Снова в наступившей тишине слышатся колокола и колокольцы.
«Горько! Горько! Горько! – первая кричит Юлинька, потому что первая приходит в себя и все, вдруг, будто с цепи срываются и, сорвавшись, хором кричат: – Горько! Горько!», – потому, что все знают, что у Вадима Небылицы была большая любовь, очень большая любовь, уже после той большой любви, которую все знали, а вот эту никто до этих пор и не видел …

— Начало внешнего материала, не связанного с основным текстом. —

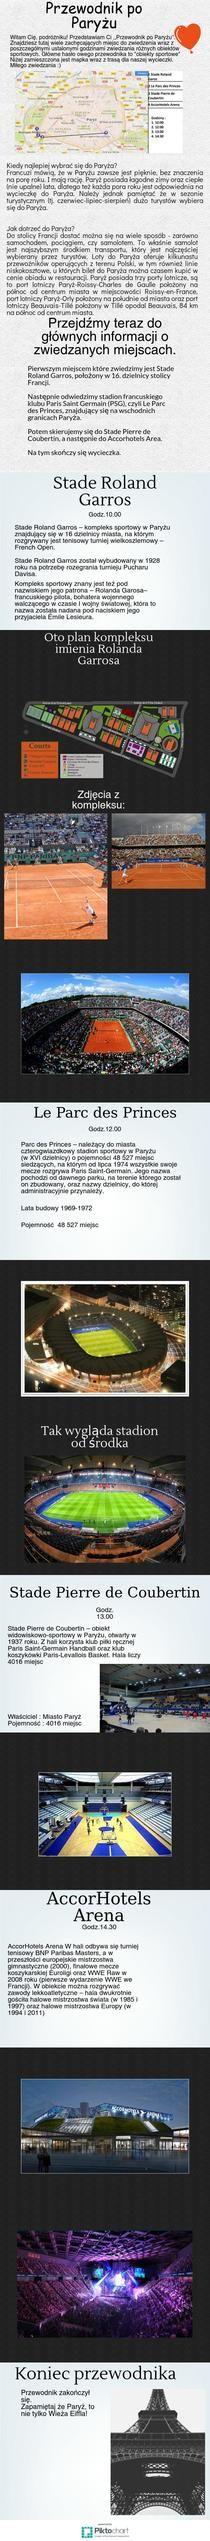 projekt k kozlowski | Piktochart Infographic Editor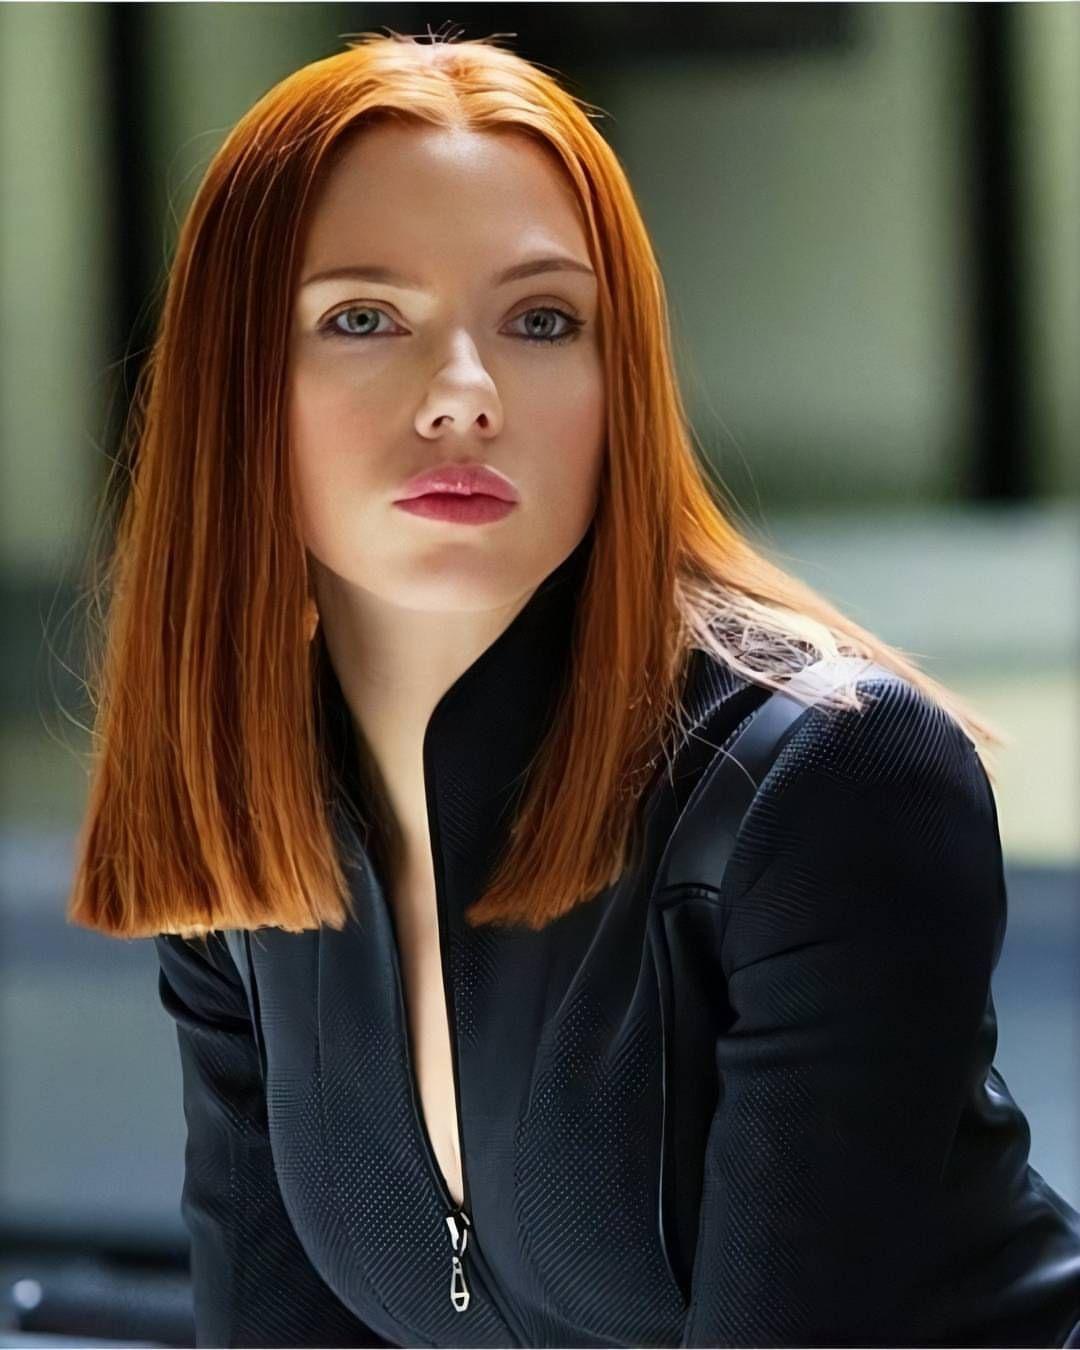 Pin on Scarlett Johansson / Black Widow

Да и не мог видеть (про это знал только Крип), не мог видеть, потому что Вадимова любовь жила далеко-далеко (далеко ли?), далеко (здесь идут всякие вадимовские эзотерические измышления: далеко, там где колодцы, из которых поя́т овец и коз, и там где святыни, которым молятся и христиане, и иудеи, и мусульмане, и все, у кого только есть охота молиться).
Там, далеко… упала ночь вдруг…
Ах, кому интересны эти всякие эзотерические измышления и догадки поражённого поисками архаических и символических знаний ума? Но Вадим… он жил такими загадками и догадками, рождёнными и капризным знанием, и фантазией, и всякую историю рассказывал так изощрённо, так умудрялся всё запутать и превратить в какой-нибудь всемирный потоп или в какое-нибудь «Откровение…», что порой уже никакой ковчег не в состоянии был вынести слушателя на вожделенную гору, и ни у какого агнца уже не хватало сил снять седьмую печать.